Smart capital allocation - Has the company been doing things with its discretionary free cash flows that make sense? Whether it's share repurchase, dividends, acquisitions, capex, whatever, it's important to see that management is acting in shareholders' best interests.

One time issues set to resolve - A lot of times, a potential turnaround investment is beset by a some unusual item, be it competitive, legal, regulatory, whatever. Investors tend to extrapolate risks associated with these issues excessively, providing opportunity and catalysts upon their resolution.

Secular growth potential - Turnaround investments work best when time is on your side. If the company participates in a stagnant or declining market, then passage of time can reduce the value of the enterprise. On the other hand, if the underlying markets are growing, then frequently the investment (if made at the right price) can succeed whether or not your specific thesis turns out to be correct.

Strong balance sheet - Again, turnaround investments work best when time is on your side. Large interest payments and negative free cash flow can put a short fuse on the investment, requiring the turn to come before the bomb goes off.

Good corporate governance - What does the Board of Directors look like? Are they smart people who understand financial markets? Or are they moderately successful local businessmen likely to be overly impressed by the CEO? The former is good, while the latter can be indicative of a situation that will be much more difficult to change if things start going badly.

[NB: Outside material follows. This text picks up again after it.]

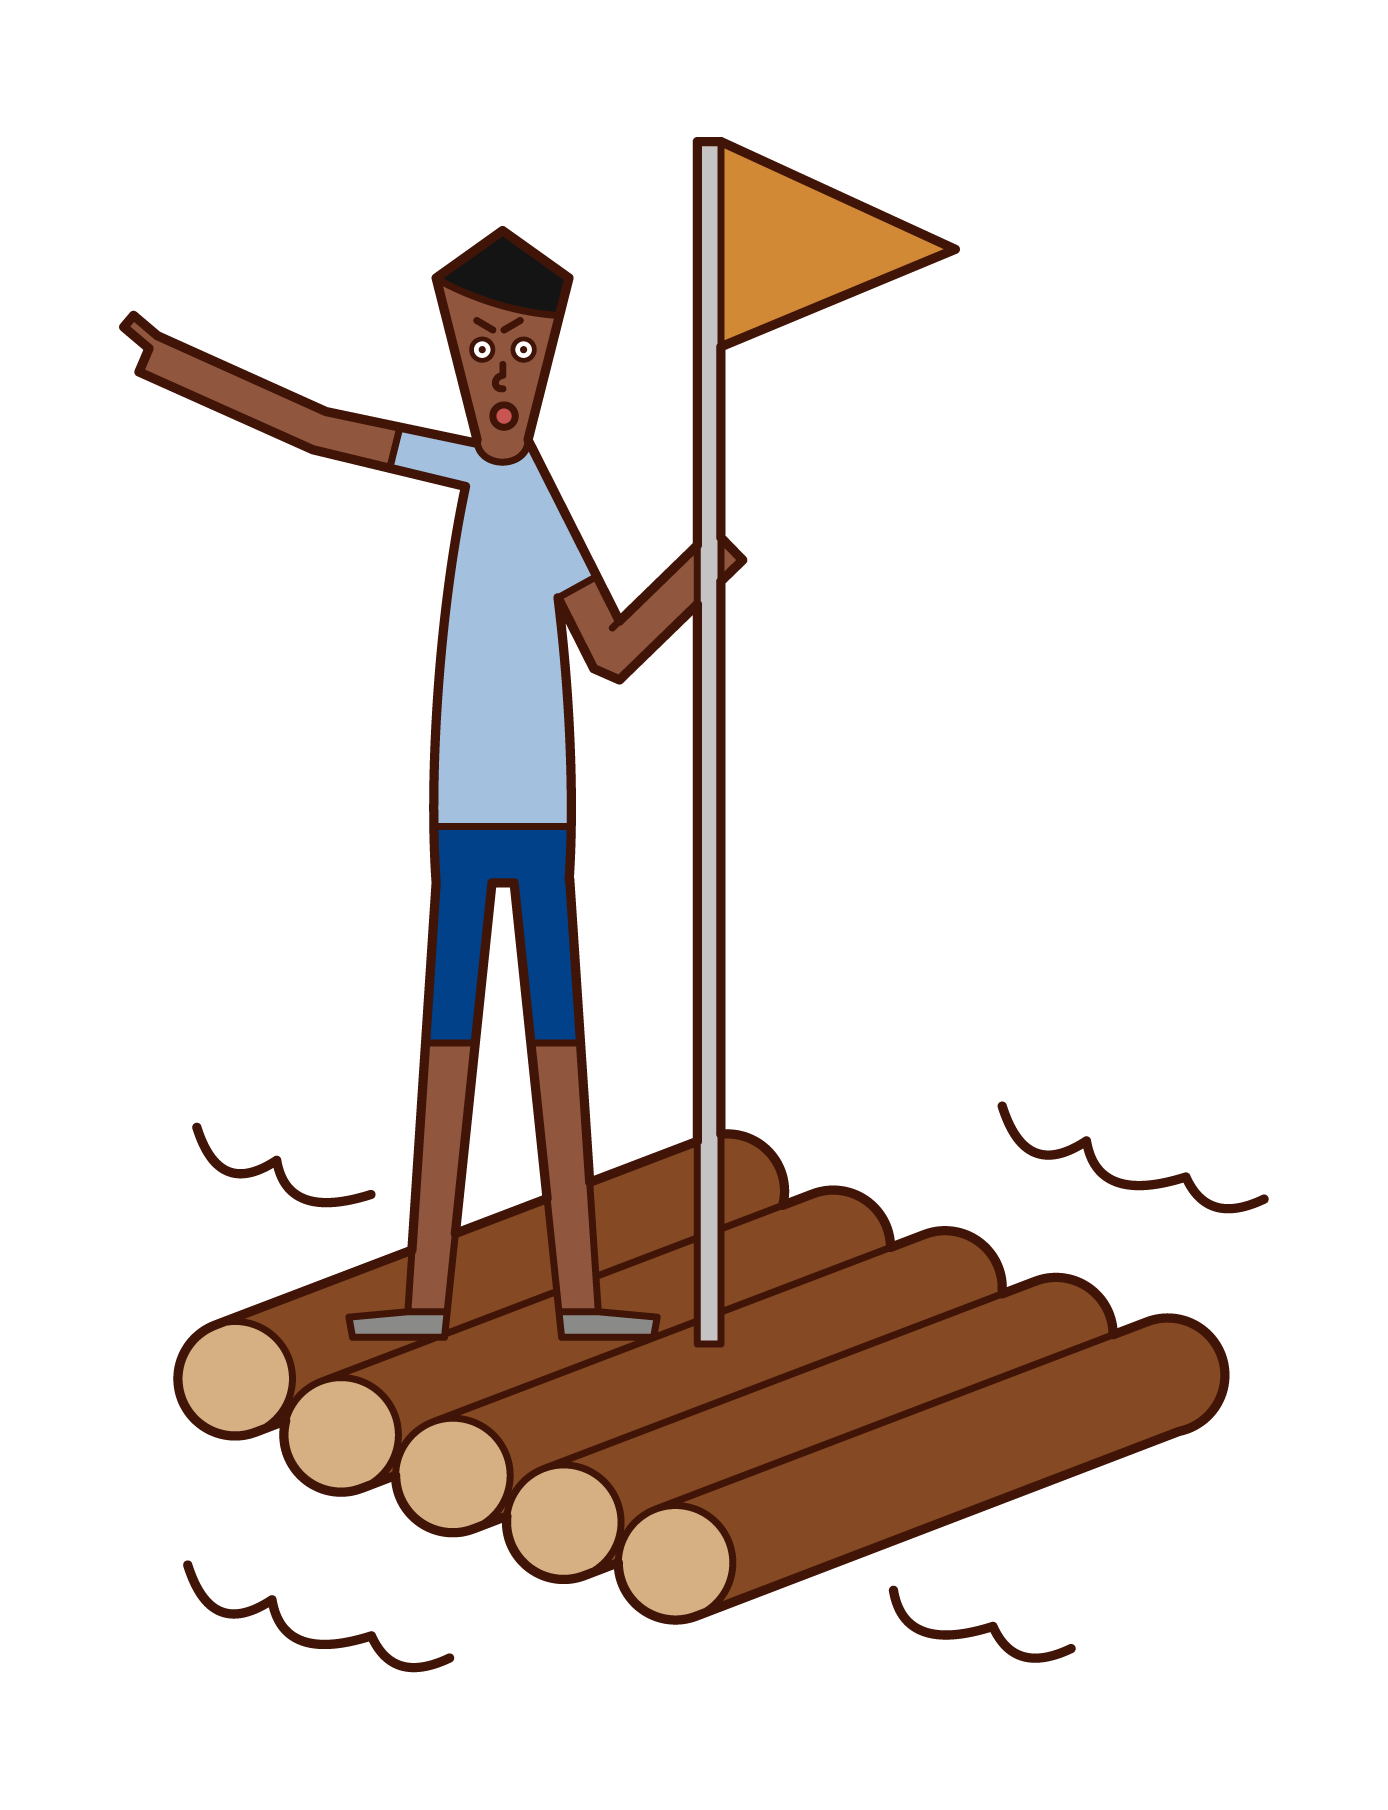 Illustration of a man traveling on a raft

Negative Street sentiment - I think we all agree that Wall Street research is borderline useless for great proprietary insights, but I think it does provide a useful gauge of sentiment for companies that are followed by more than 5 analysts. If 2/3rd's or more of the Street analysts have a Hold or Sell on the company, it's typically a good sign that general investment sentiment around the stock is negative, providing opportunity for mis-pricing to occur.

Under-followed stock - Similarly, there are many companies that haven't yet gotten good Street coverage relative to their peers, or have something very confusing about them (such as multiple divisions, with the Street focusing on the wrong one). These situation can lead to mis-pricing.

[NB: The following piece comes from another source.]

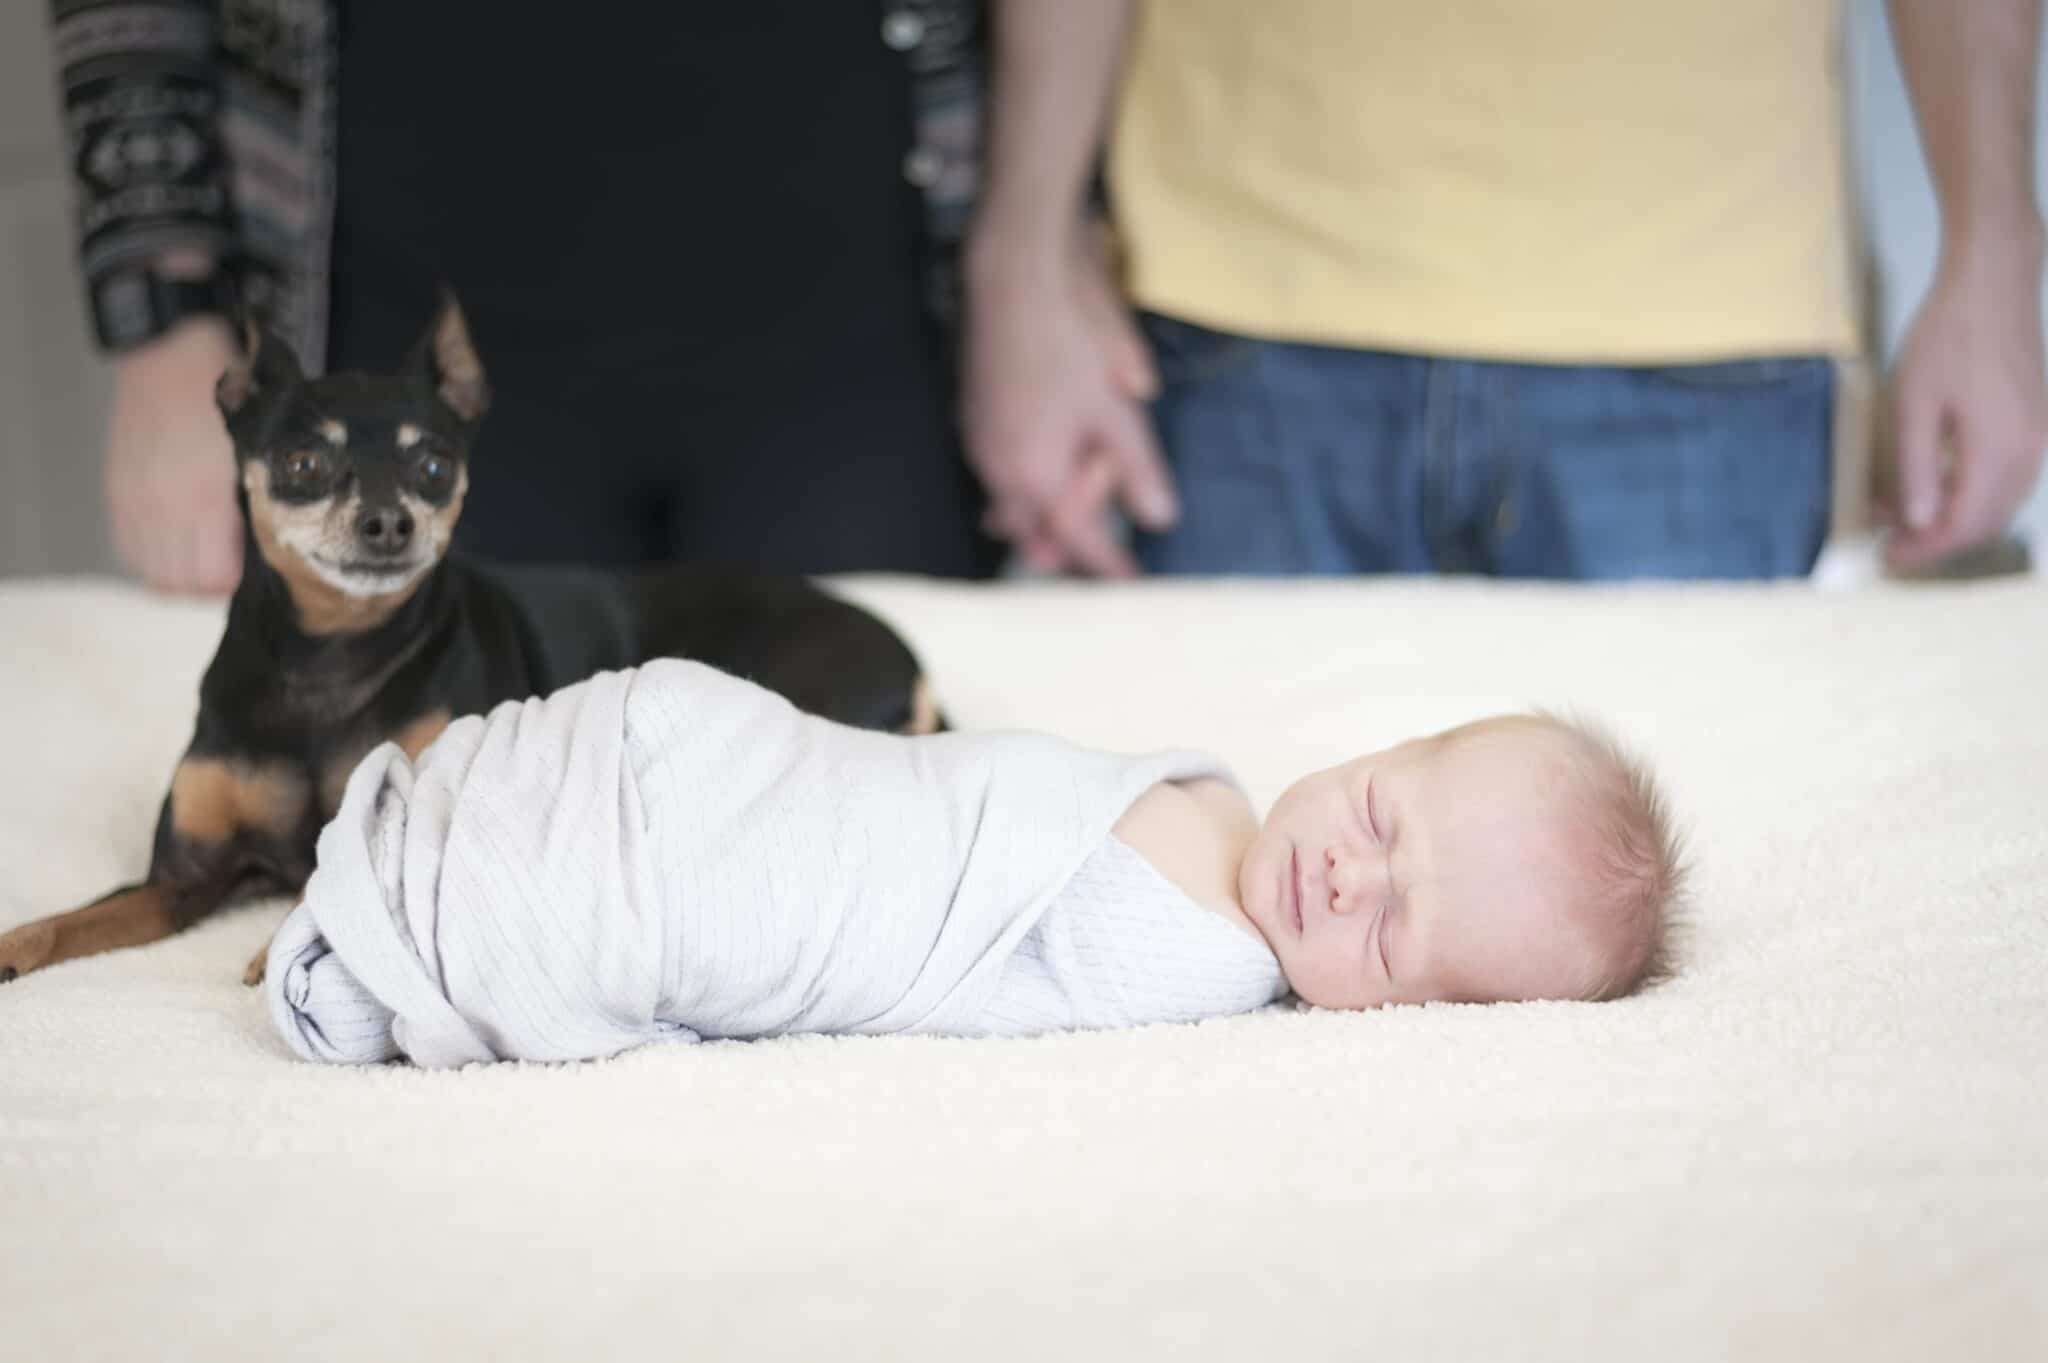 Newborn baby photography with the baby on a king-sized bed with the family puppy, Mom and Dad in the background.

Other smart shareholders - It's never a bad thing if a low turnover, long-only firm you greatly admire (Dodge & Cox, Southeastern, Brandes, Harris, Pzena, etc) has a large position in a company you're analyzing, especially if they've been buying recently.

Insider buying - While it's tough to get good signals from insider sales, large insider purchases are difficult to interpret negatively.

Hope this is helpful. Obviously, what works for me might be useless to someone else, and this is heavily biased towards contrarian turnaround situations. But it's helpful for me to write all these down, as before they were just floating around in my head. Anyone have any others to add?